Assim sendo, o próprio “Lírio Branco” assume-se como uma nova escola de pensamento positivo, oriunda de Roma, que começa a propagar-se pelas grandes cidades, acabando por chegar à aldeia dos Irredutíveis. Esta ideia de pensar positivo e do discurso motivacional – tão em voga nos tempos atuais – é levada ao extremo, de forma a incentivar os exércitos romanos de César, por um lado, e, posteriormente, passando a plano de ação, para conseguir ferir Astérix e os seus companheiros. Ora, o mentor desta escola de pensamento é Palavreadus que, recebendo luz verde do Imperador César, acaba por ser o mastermind e vilão da história.
Se resulta? Certamente! Fabcaro é feliz ao introduzir um tema pertinente dos nossos dias e ao dar-nos algumas piadas que colocam um sorriso na nossa cara. Também há outras piadas menos felizes, ou mais “secas” ou forçadas, onde o argumentista fica aquém. Mesmo assim, o maior louvor que posso fazer a Fabcaro é que esteve particularmente brilhante – levando-me a lembrar algumas das personagens inolvidáveis que Goscinny criou para a série – com a introdução da personagem Palavreadus. É uma personagem divertida, astuta e com uma dupla personalidade uma vez que, sendo romano, procura fazer-se passar por um aliado dos gauleses. Joga nas duas frentes e procura, através de “falinhas mansas”, conquistar simpatia junto dos dois extremos. Isso permite que o argumentista Fabcaro desenvolva muito bem a personagem e que faça com que a mesma fique na nossa lembrança já depois de finalizarmos a leitura de O Lírio Branco. É, quanto a mim, e juntamente com duas ou três piadas bem conseguidas, aquilo que de melhor se retira desta obra.
Porém, também é verdade que, embora comece bem, a meio do livro se sente a narrativa algo arrastada e até algo repetitiva, com a reciclagem de algumas piadas já ditas, anteriormente, no mesmo livro. É, portanto, uma obra que prometia muito ao início, mas que, no final, talvez não corresponda à alta expetativa. Mesmo assim, acaba por ser um livro agradável e leve para se ler.

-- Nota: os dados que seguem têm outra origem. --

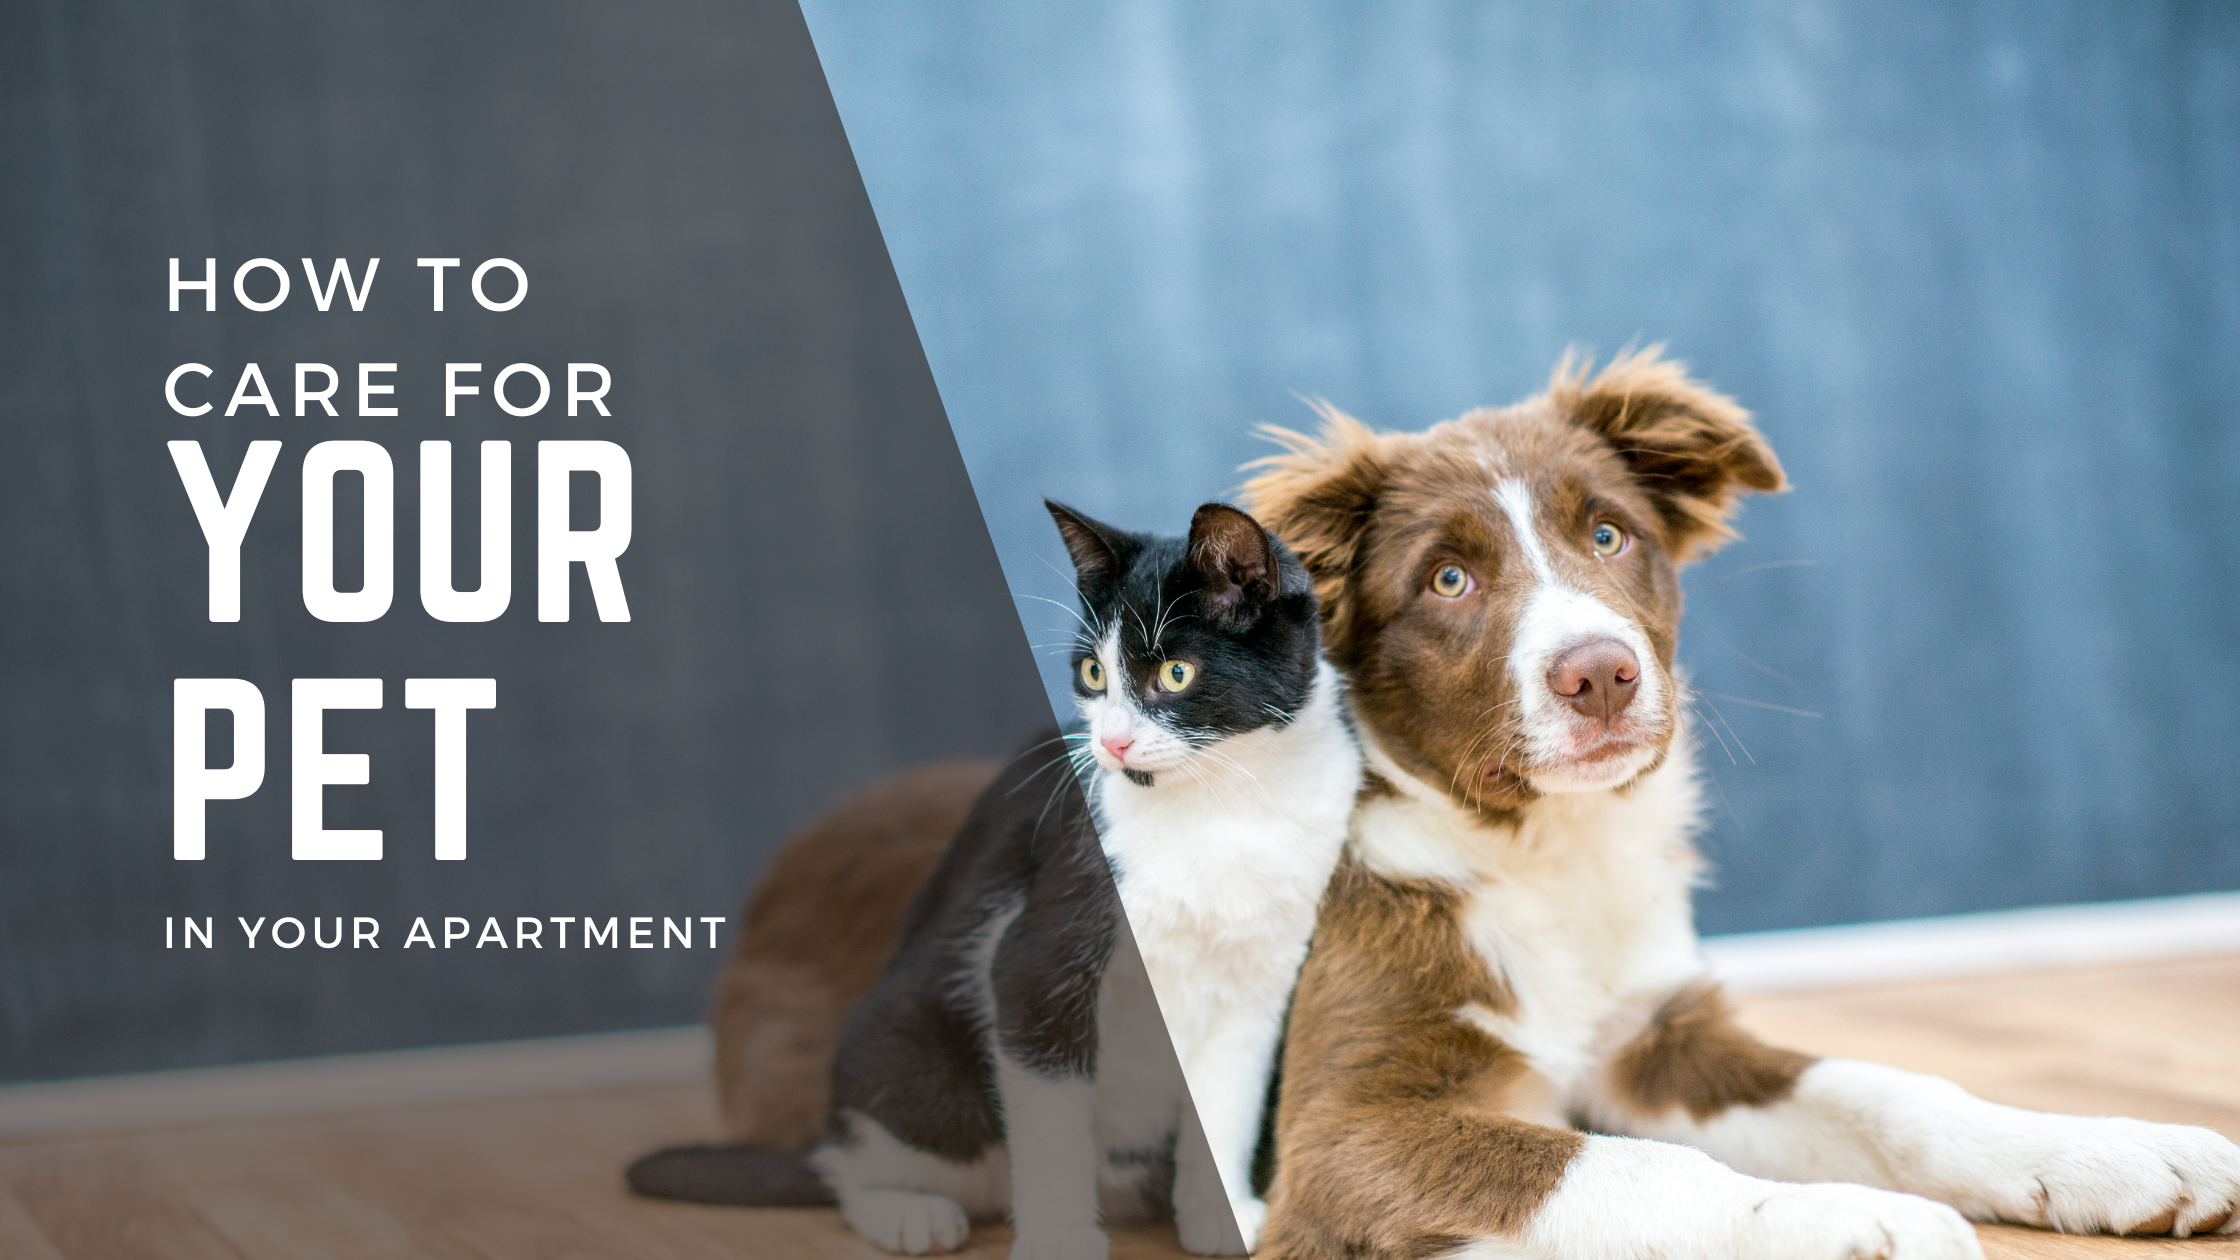 How to Care For Your Pet In Your Apartment

Quanto ao trabalho de Didier Conrad, considero que continua praticamente igual ao que o autor já nos habituou. Ou seja, há uma clara e fiel proximidade ao trabalho original de Uderzo. Se o autor coloca o seu cunho pessoal, este é muito subtil fazendo com que, a traços gerais, não se notem diferenças (quase) nenhumas com os álbuns de Uderzo.
Mesmo assim, pareceu-me que o autor não esteve tão inspirado desta vez. Não é que haja desenhos mal desenhados ou algo demasiadamente negativo, mas, especialmente a nível de detalhes cénicos ou na tentativa de surpreender um pouco ao nível da planificação (conforme o autor já tinha feito, e bem, em álbuns recentes), dá a ideia que Conrad se conteve mais, arriscando menos. Cumpre, claro, mas não é o seu melhor álbum. E muito menos é a sua melhor capa, que me parece das mais desinspiradas de toda a série.
Quanto à edição da ASA, o livro apresenta capa dura brilhante, com bom papel brilhante, boa encadernação e boa impressão. Uma nota de louvor para a tradução. Astérix não é uma série fácil de traduzir – de todo! Há muitos trocadilhos que se perdem na tradução. E, mesmo admitindo que algumas das piadas originais poderão ter sido atenuadas em termos de valor humorístico, acho que a tradução merece nota de louvor. Nota positiva, ainda, para o facto de o livro ter sido lançado em simultâneo com o lançamento mundial. Muito embora isso já seja algo expetável em Astérix, é algo importante para o nosso mercado que não esqueço de mencionar.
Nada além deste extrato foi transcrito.